Demonstrate electric current with examples

Whatever approach you choose in a story about electricity, the following question is logical for children: why, when the device is turned on, do bees or electrons begin to move in the wire, what makes them do this? In this case, it is necessary to talk in general terms about the structure of the electrical network, and it is advisable to do this with illustrative examples from the surrounding life or using photo and video materials. Tell us that all the wires in the house converge into one cable that contains the required number of electrons/bees for housing. Then he goes out into the street and, leaning on pillars, leads to a factory where these particles are produced - such a factory is called a power plant. You can tell how they are produced (by burning coal, driven by a hydroelectric power station or wind turbines, by solar panels) if the child shows interest in this. But usually in 2-3 years the concept that there is a factory where they make “electric bees” or electrons is enough. Although no one forbids you to conduct a small but visual experiment with your child. You will need a simple dynamo: with a light bulb and a knob that turns the light on. Your little one will surely be delighted to see that he can produce electricity with his own hands! Moreover, as soon as he stops turning the handle, the light immediately goes out - very clearly and simply.
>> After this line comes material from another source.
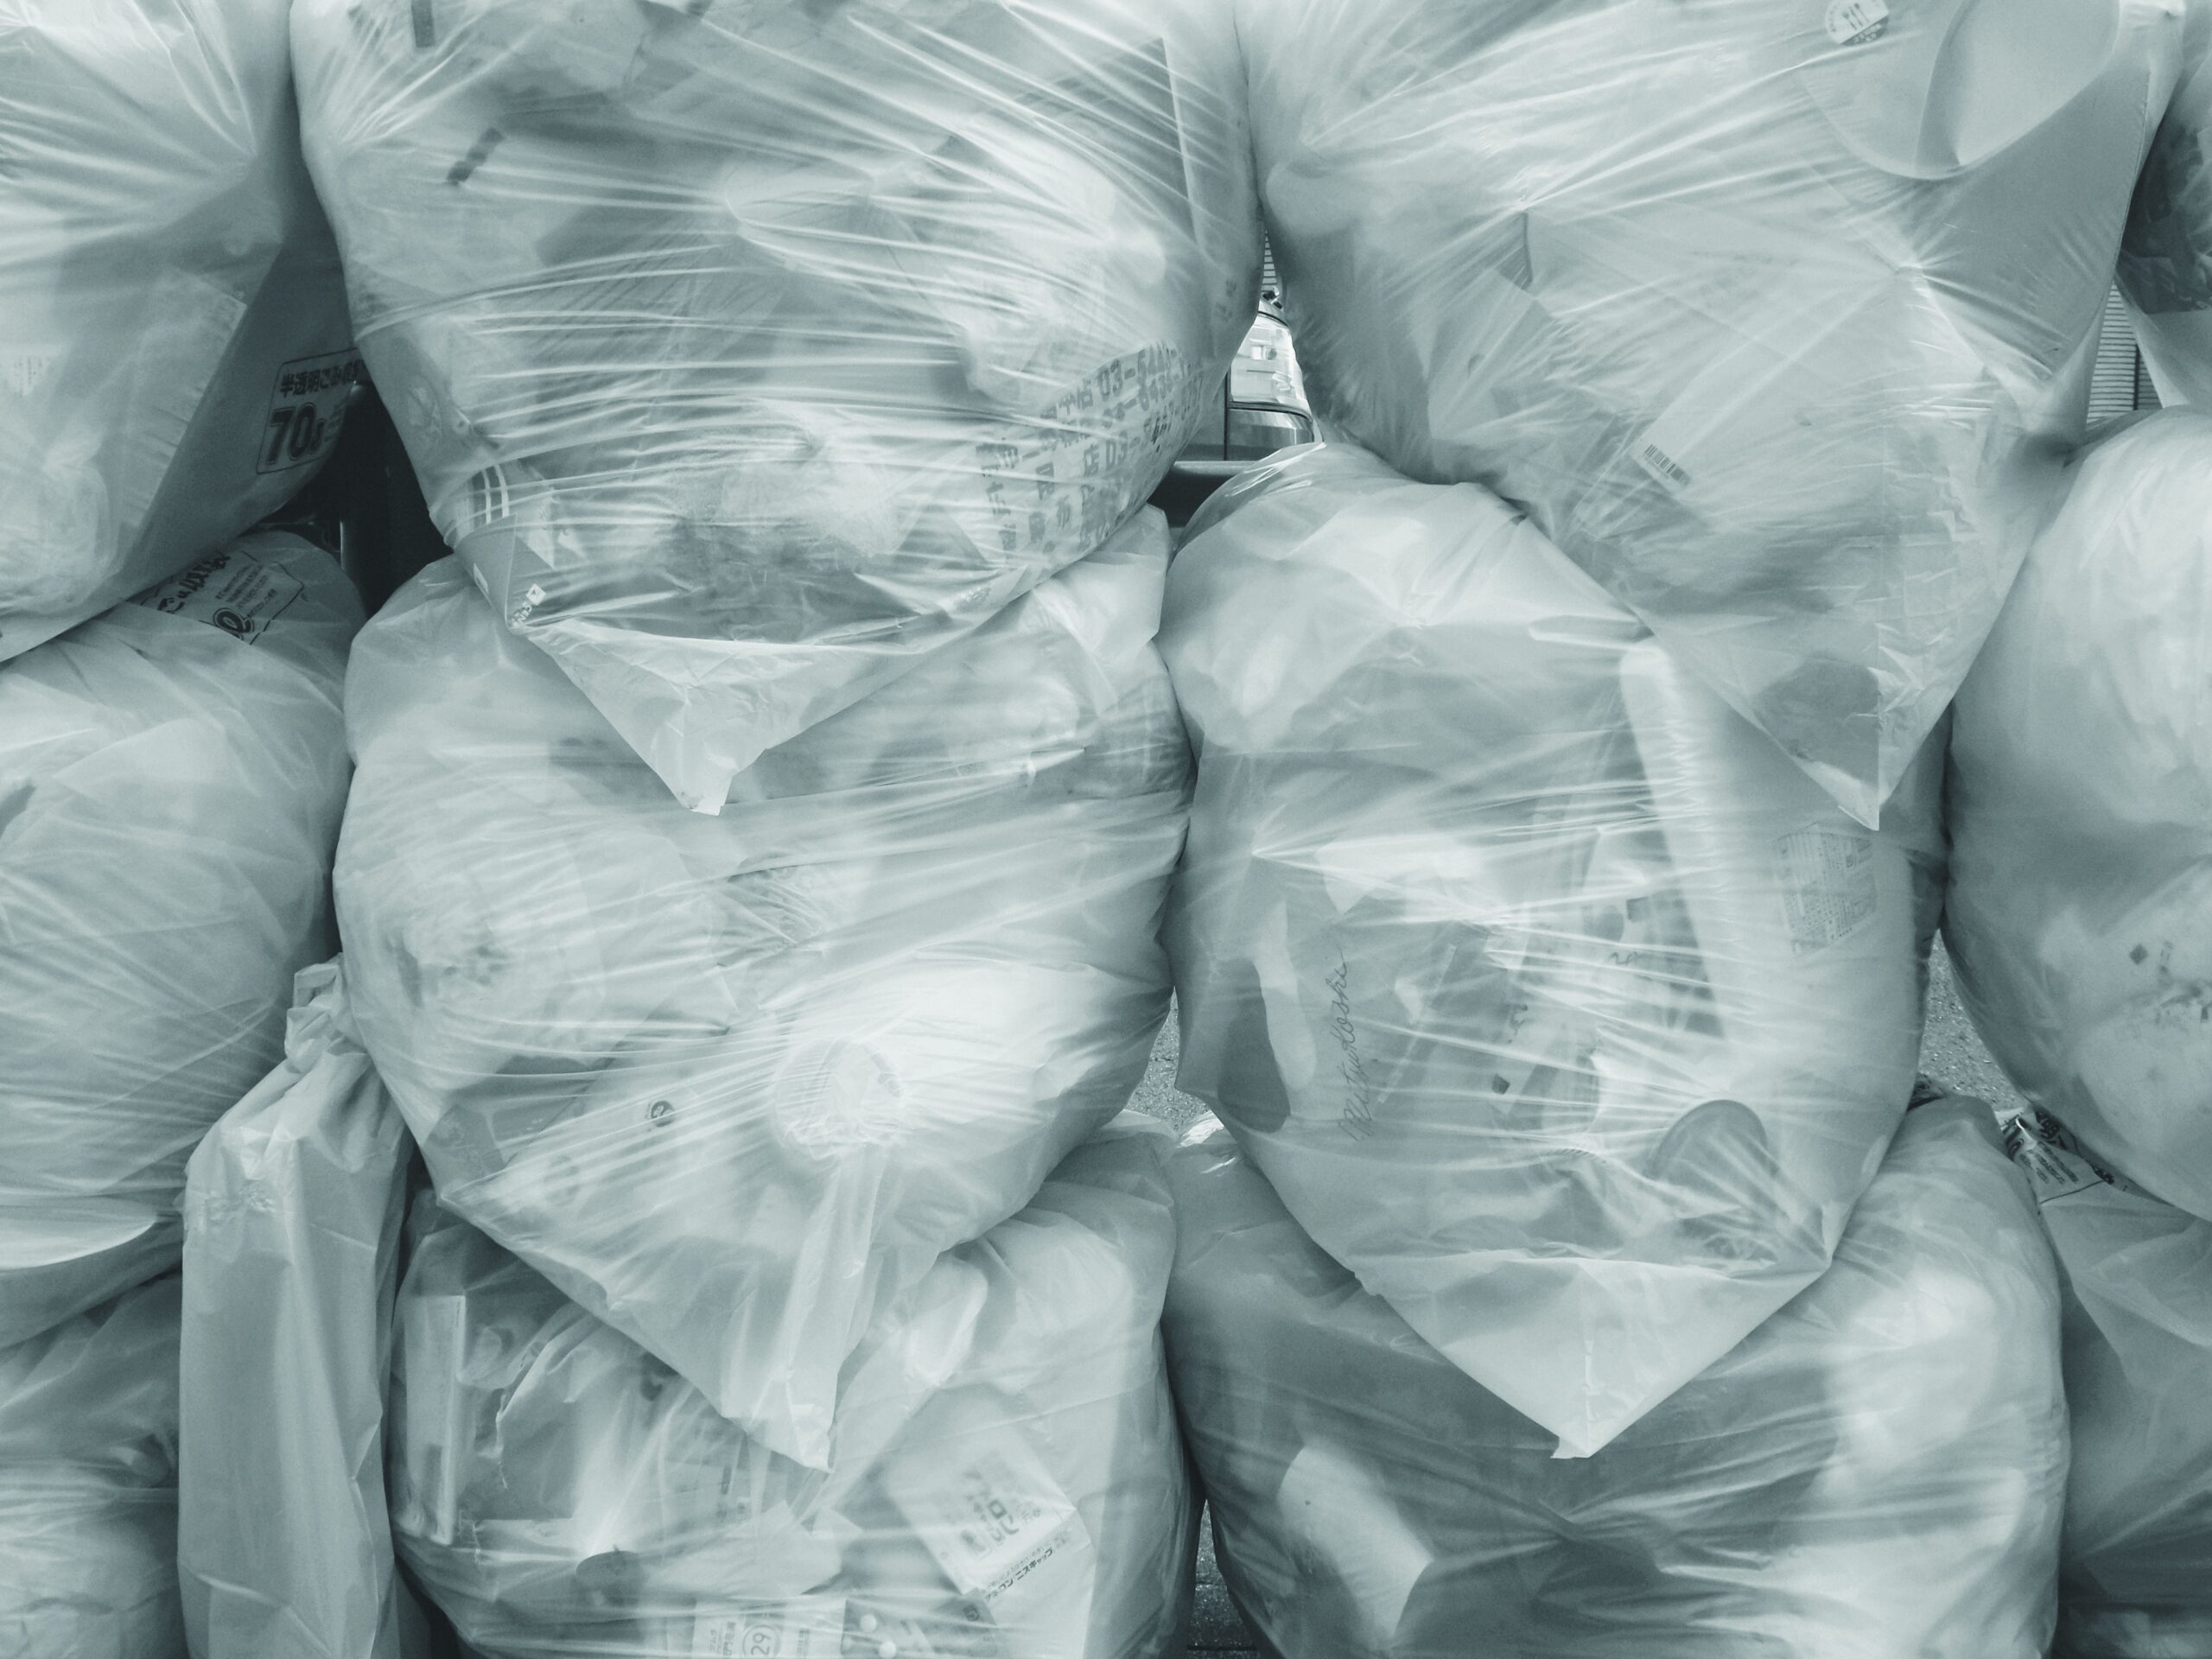 What Are The Advantages Of Compostable Packaging?

Experimental practice is generally extremely useful - especially in those matters where it is necessary to show that the current is dangerous. To do this you will need some batteries and a couple of light bulbs. First, explain that a battery is such a small supply of electricity: like canned food, which contains electrons to power devices for some time. And then show how it works: installed it in a toy and a phone, they work. The charge of the bees/electrons has run out - the device has turned off: and you need either new batteries, or charge the old ones by “filling” a batch of “helpers” from the outlet (emphasize that not everything can be charged, but only batteries, called accumulators). Now move on to experiments. Take a 9 V battery (the one that is usually called a crown) and invite your baby to touch both contacts with his tongue at the same time. The slight burning sensation that you will feel is a manifestation of an electric shock - only weak, because there are very few bees or electrons in the battery. And in the socket there are an order of magnitude more of them, and the blow is ten times stronger and more painful. Of course, a considerable number of children will want to make sure of this. Therefore, a different experiment is needed: with a couple of different light bulbs - 4.5 V and 9 V. Connect the last one to the same battery - it lights up. And then connect the one that is designed for a lower voltage - and it will burn out, and spectacularly: with a bang, a flash and glass blackened from the inside... Explain that there are too many electrons in the battery for such a small light bulb, or that the bees did not like what happened to them play to no avail, and they ruined it. It’s the same in an outlet for a person - there is a lot of current or the bees will be offended, and he can be seriously injured.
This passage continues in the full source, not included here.